I earned my Ph.D. in 2015 from Politecnico di Milano, Italy, with dissertation titled "Development of Prognostics and Health Management (PHM) Methods for Engineering Systems Operating in Evolving Environments". Now I’m serving as an associate research fellow in Hangzhou International Innovation Institute of Beihang University. As a principal investigator or co-investigator, I have led 18 research projects, including those funded by National Natural Science Foundation of China, "Young Elite Scientists Sponsorship Program" by the China Association for Science and Technology, and Science and Technology Innovation Project of the Central Goverment's Science and Technology Commission. My contributions to the field have been recognized with several awards, including a second-class prize from the Chinese Society of Aeronautics and Astronautics and two second-class prizes for Scientific and Technological Progress.

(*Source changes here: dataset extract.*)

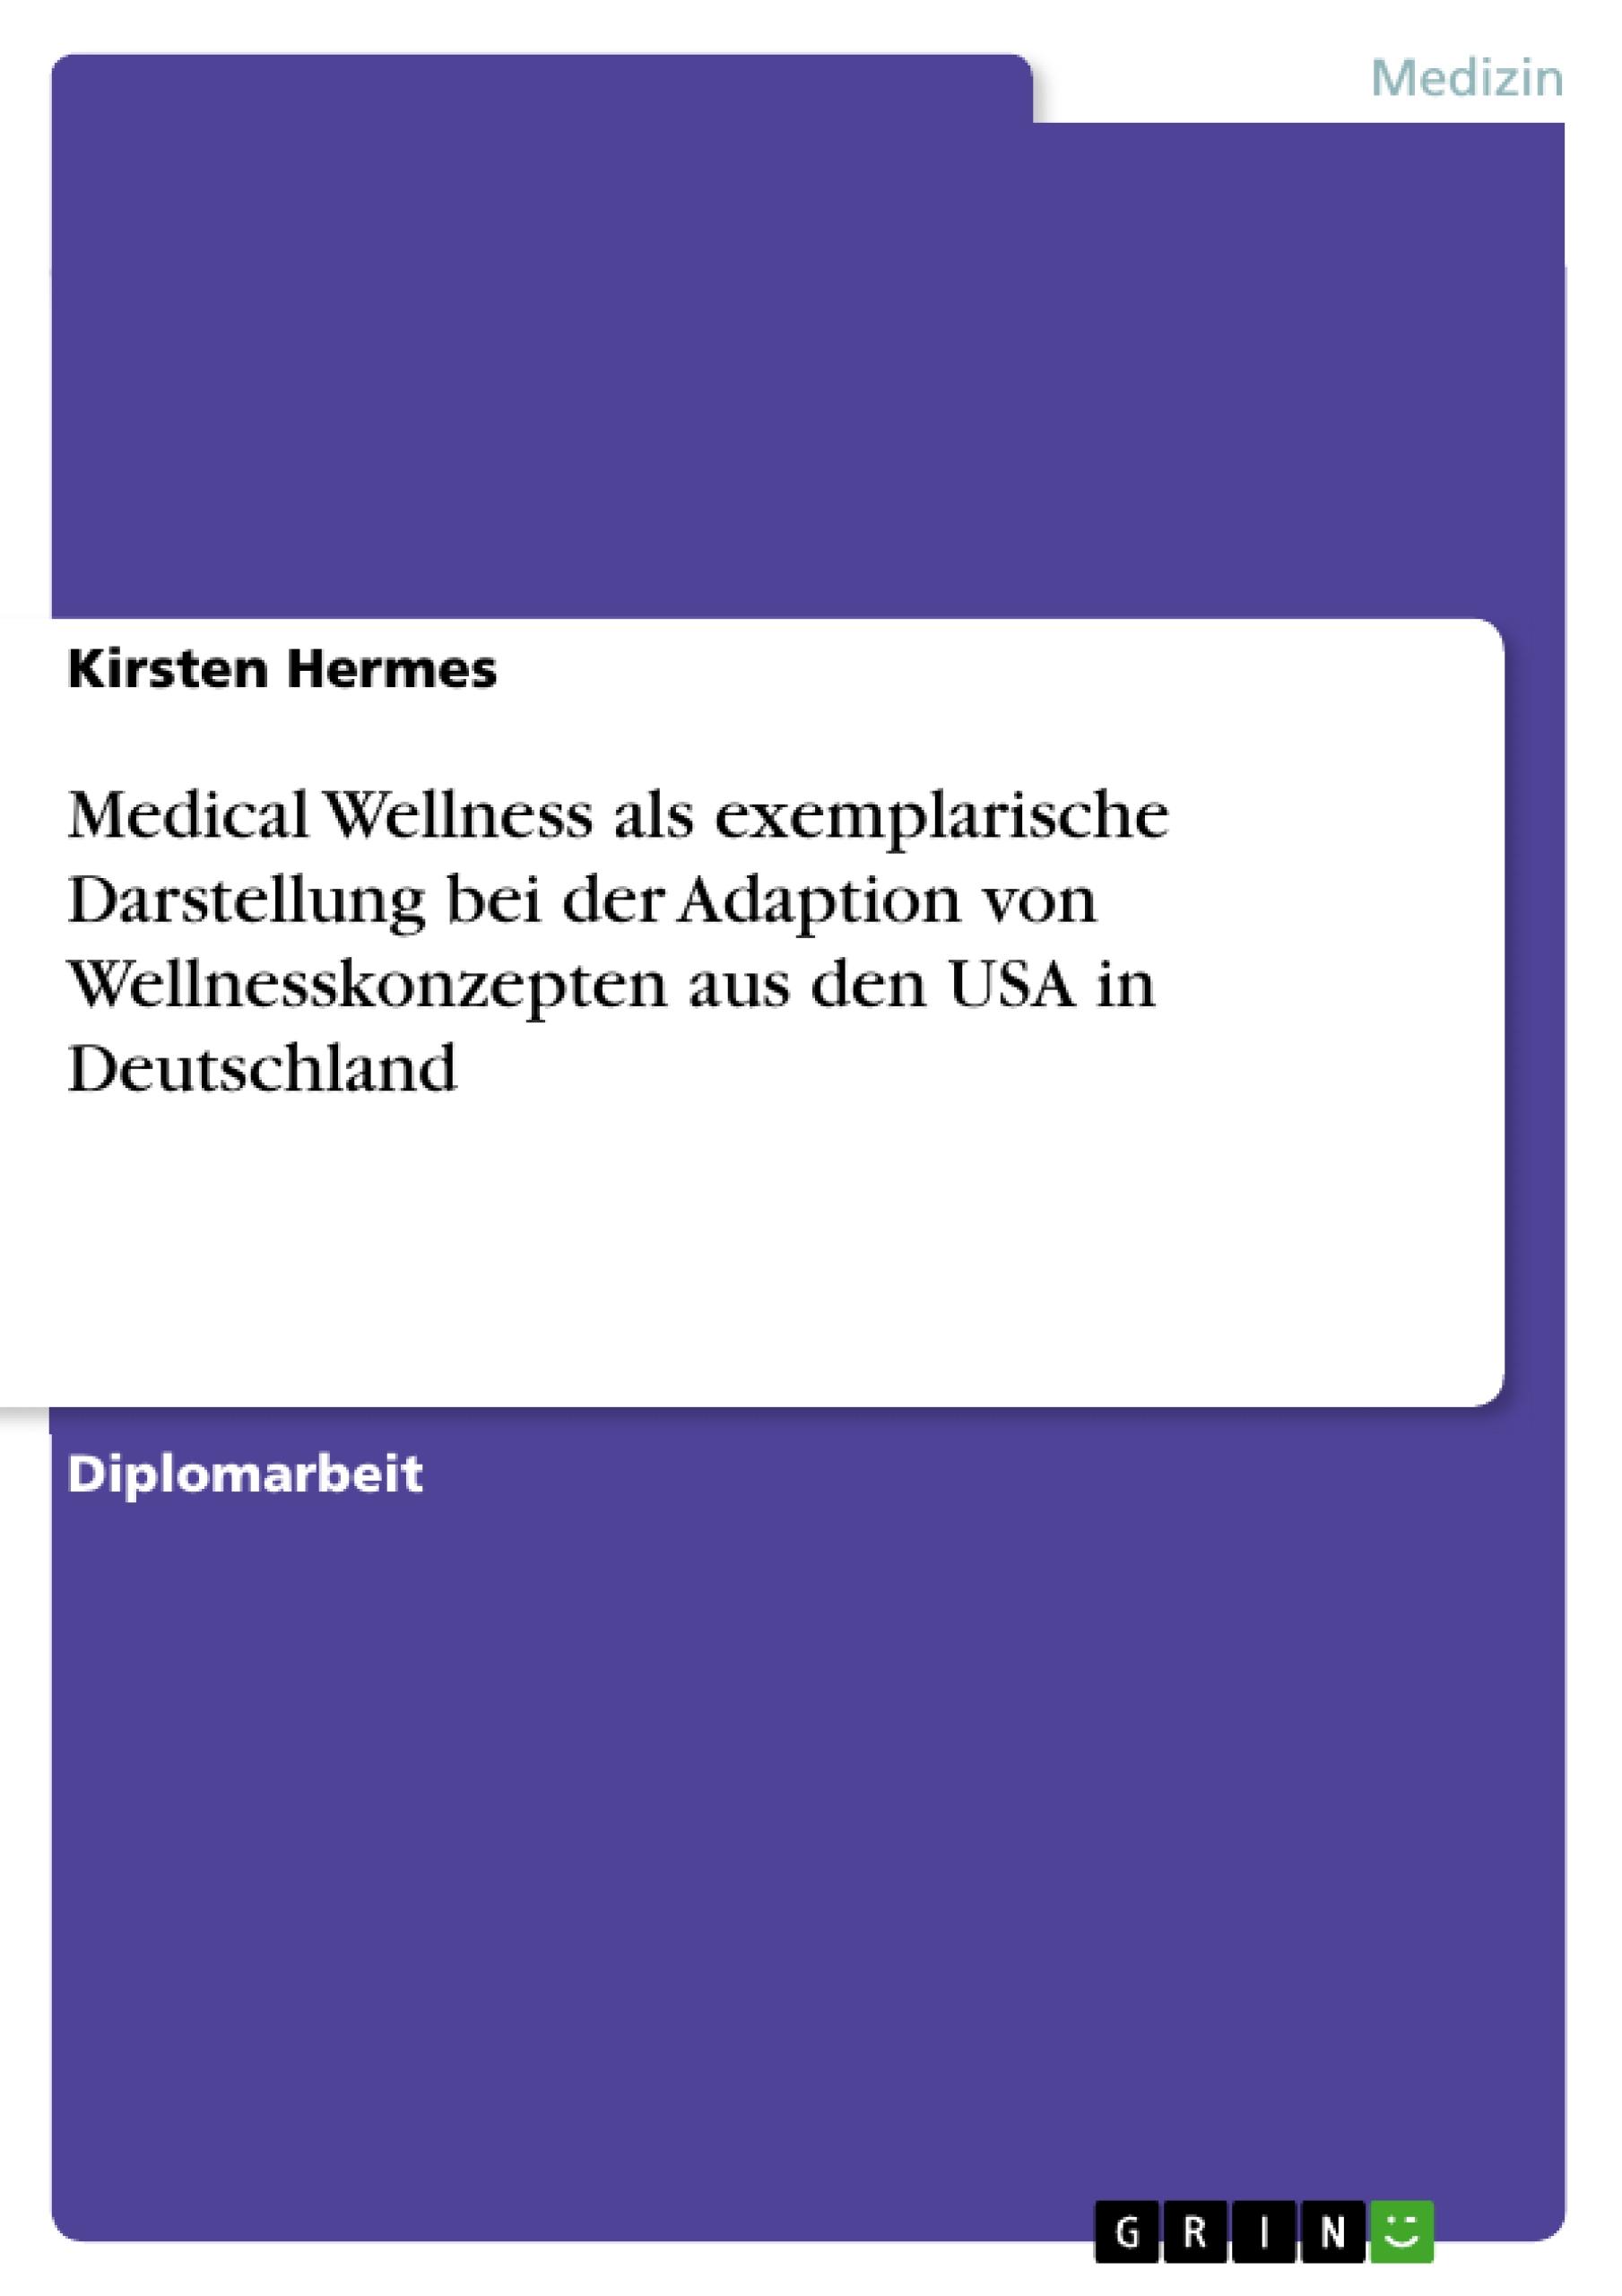 Medical Wellness als exemplarische Darstellung bei der Adaption von Wellnesskonzepten aus den USA in Deutschland - Hermes, Kirsten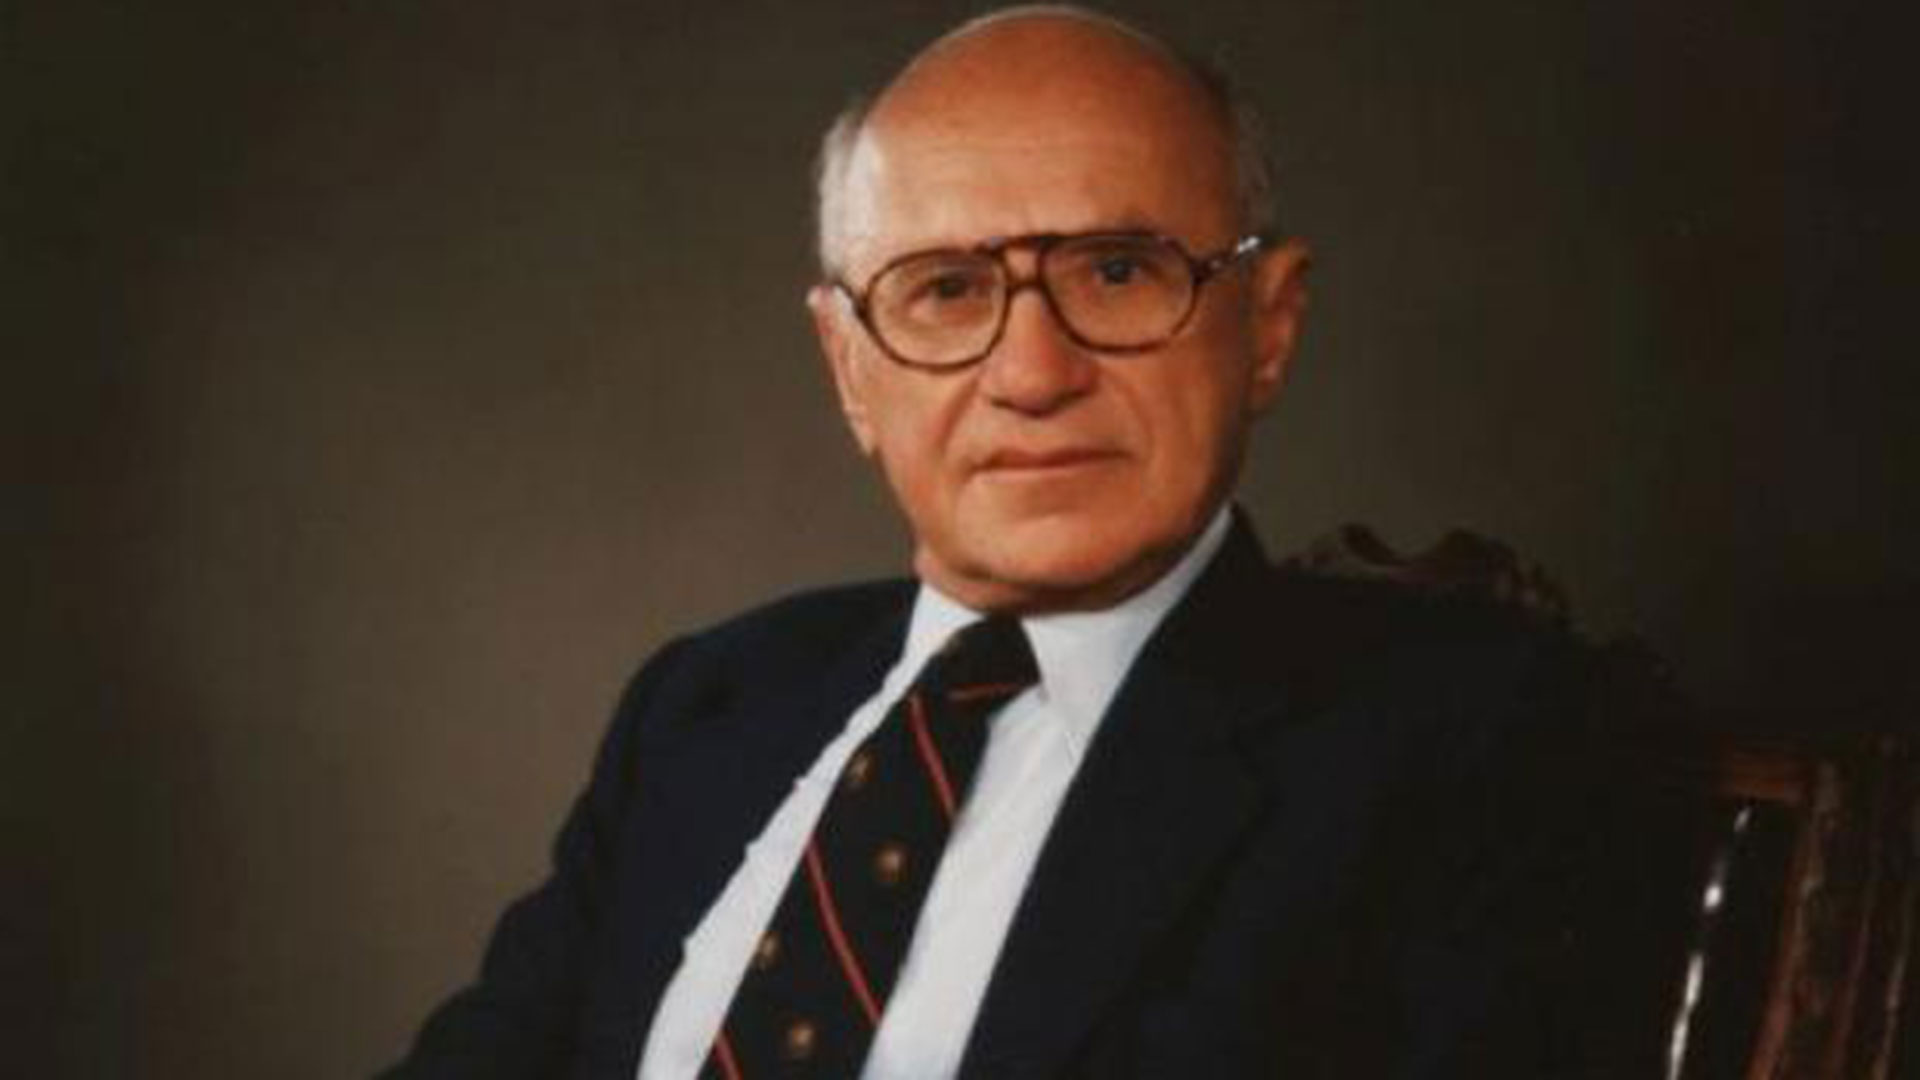 Milton Friedman, en su monumental Historia Monetaria de los EEUU y clases en la Universidad de Chicago, sostenía que "el actuar de la Reserva Federal (Fed), el banco central de los EEUU, agravó la Gran Depresión de 1930"

I have also a published over 20 papers as first author or corresponding author in renowned international journals and conferences, with an H-index of 16. I hold 9 national invention patents and have supervised 3 postdoctoral researchers and co-supervised 2 doctoral students.

 

My research interests include the development of intelligent support systems for complex aviation systems, PHM framework design, hybrid diagnostics/prognostics approaches, and the application of deep learning and smart optimization algorithms for PHM in engineering systems.